> Data provided
..............................

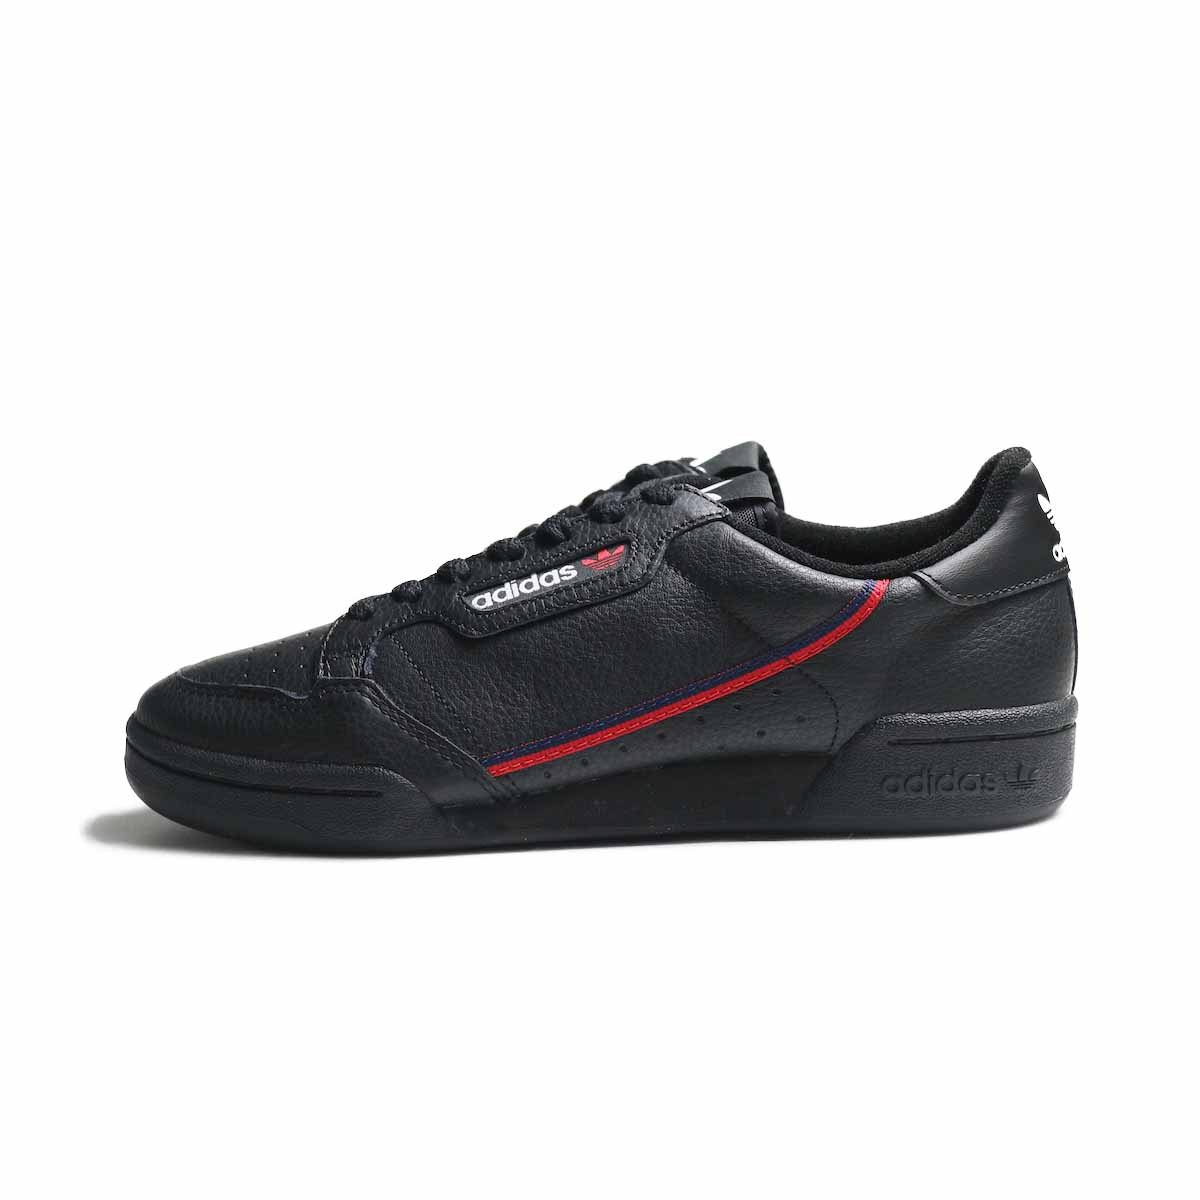 adidas originals / CONTINENTAL80 (G27707) -Black
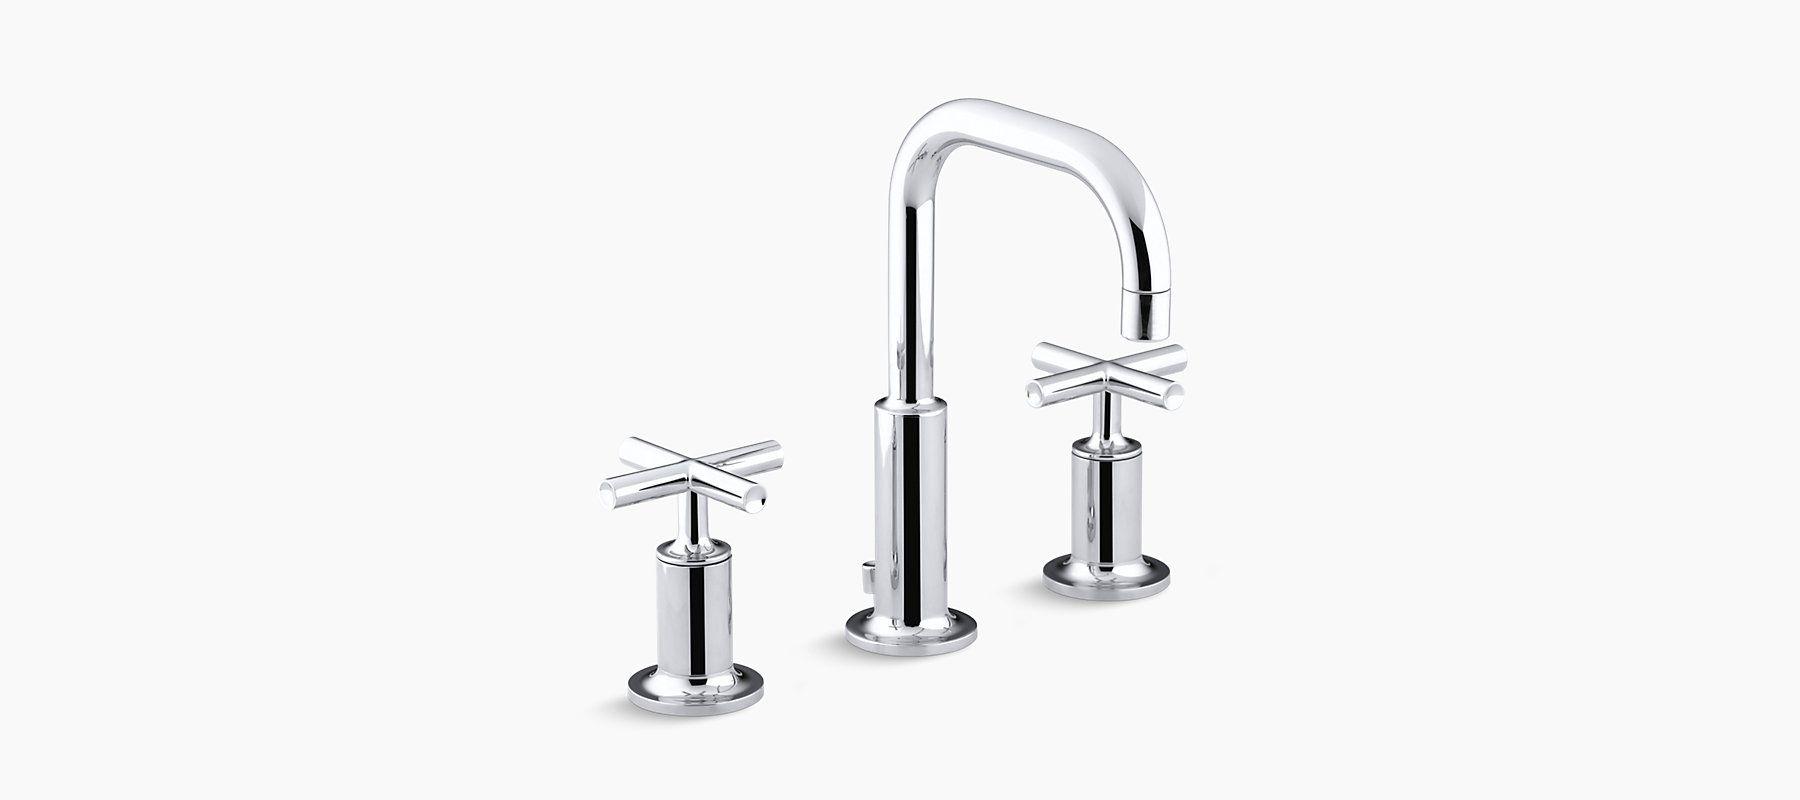 The Ada Certified K 3 Water Saving Sink Faucet Has A
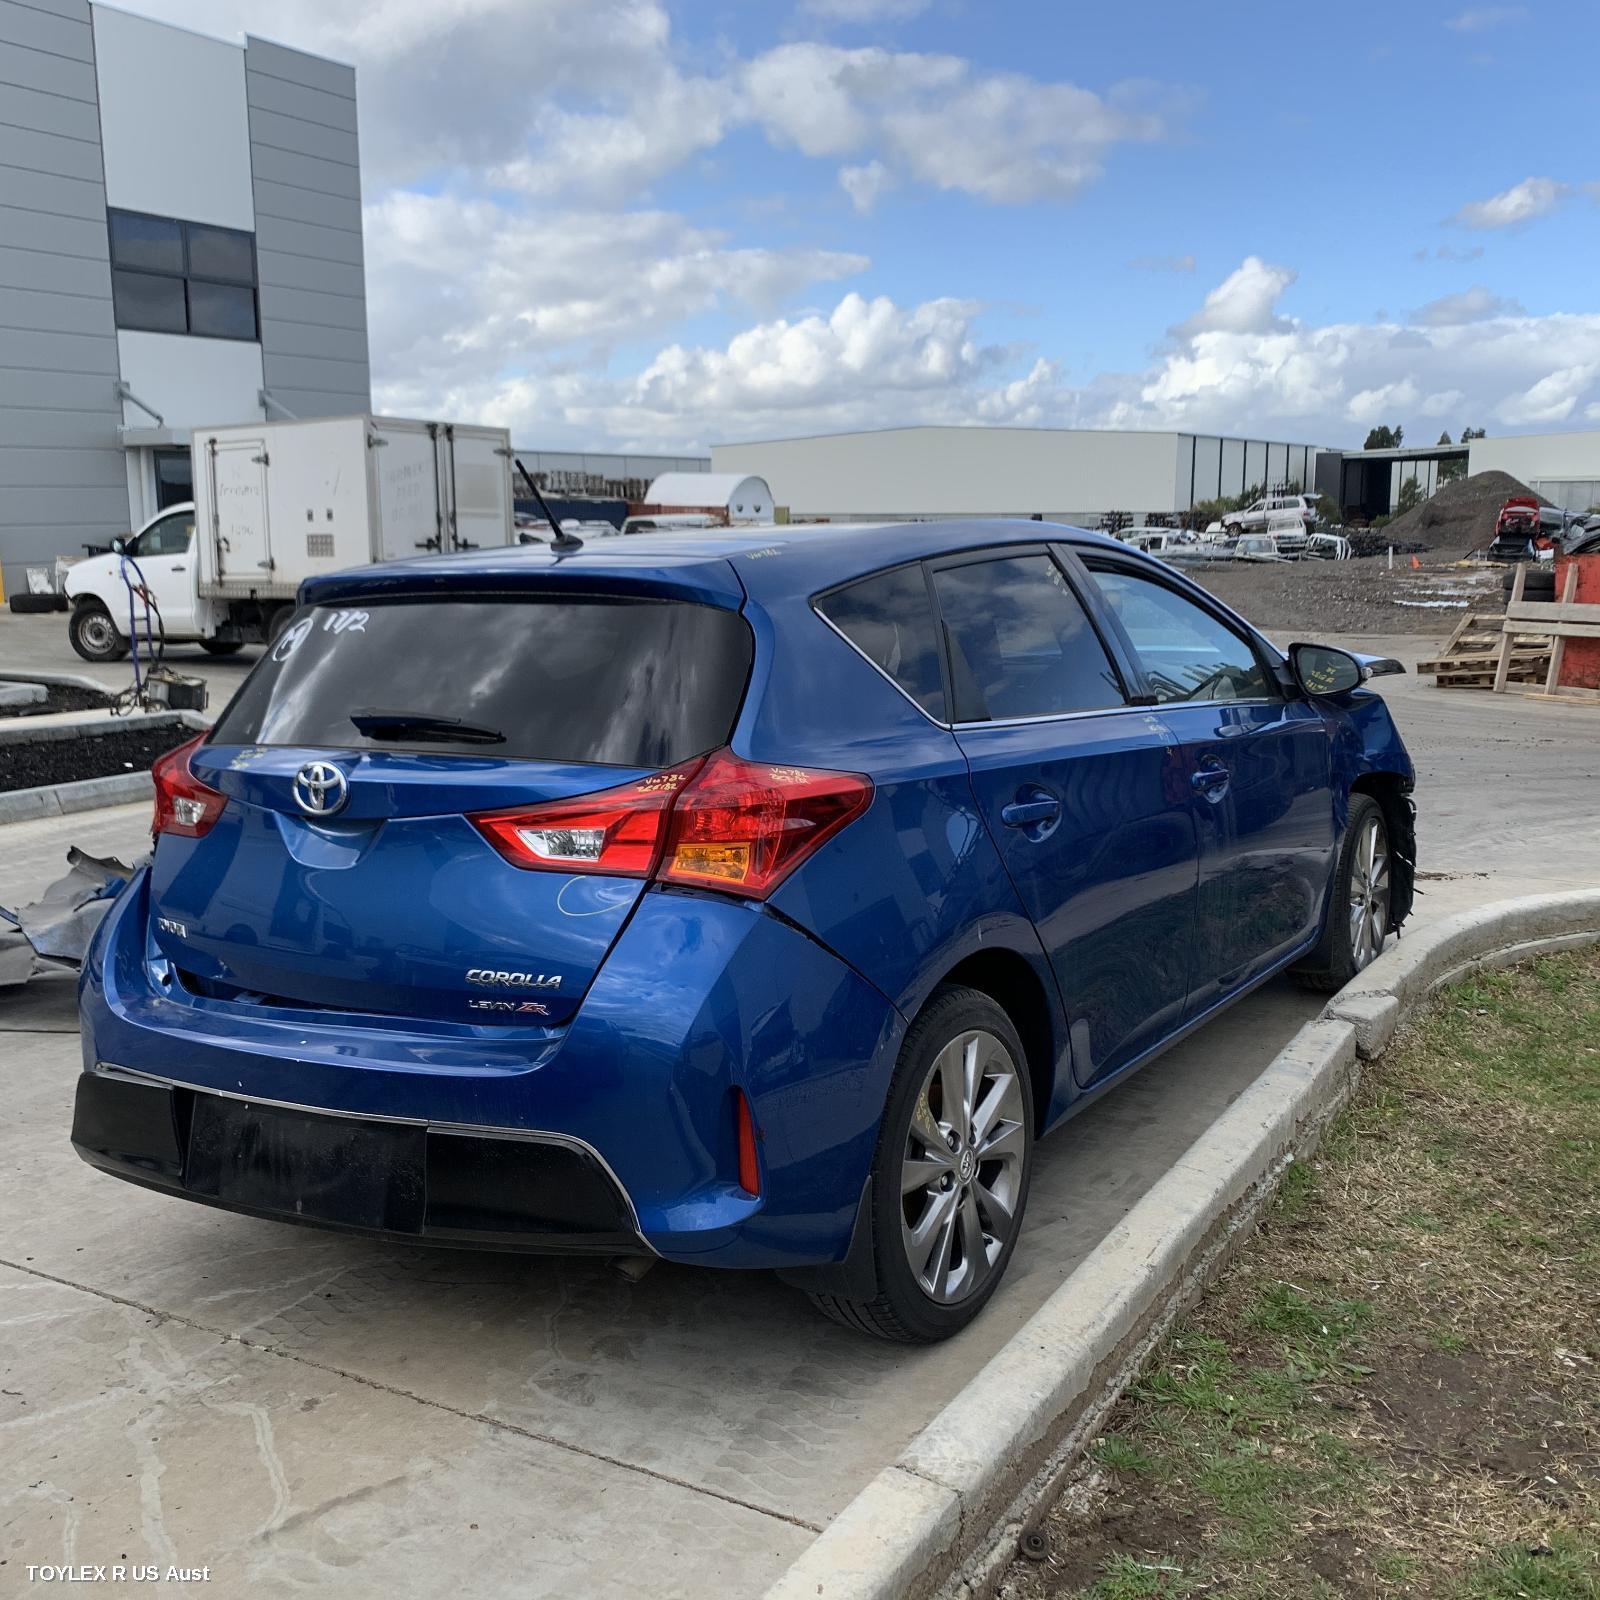 Toyota COROLLA LEVIN ZR ZRE182R 2ZR-FE 1.8L Engine Automatic FWD Transmission 10/12 - 06/18
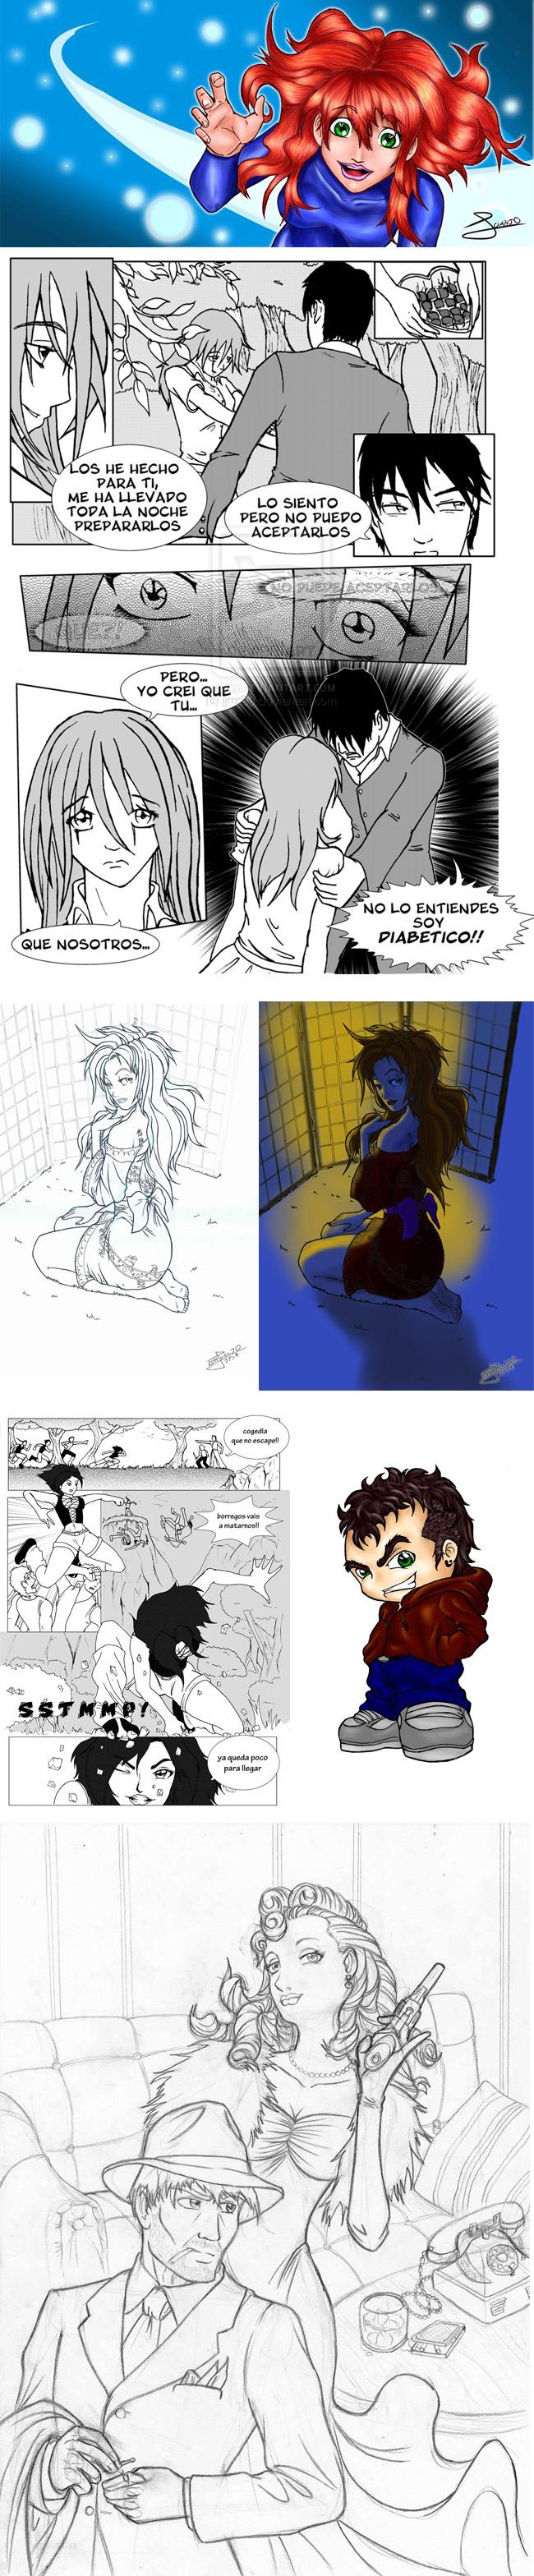 manga-juanjo-trabajos-alumnos-comic-madrid-academiac10

..............................

> Exercise requirements
Please print everything in the material exactly, apart from the pictures.

> Solution to this problem
 adidas originals / CONTINENTAL80 (G27707) -Black
 The Ada Certified K 3 Water Saving Sink Faucet Has A
 Toyota COROLLA LEVIN ZR ZRE182R 2ZR-FE 1.8L Engine Automatic FWD Transmission 10/12 - 06/18
 manga-juanjo-trabajos-alumnos-comic-madrid-academiac10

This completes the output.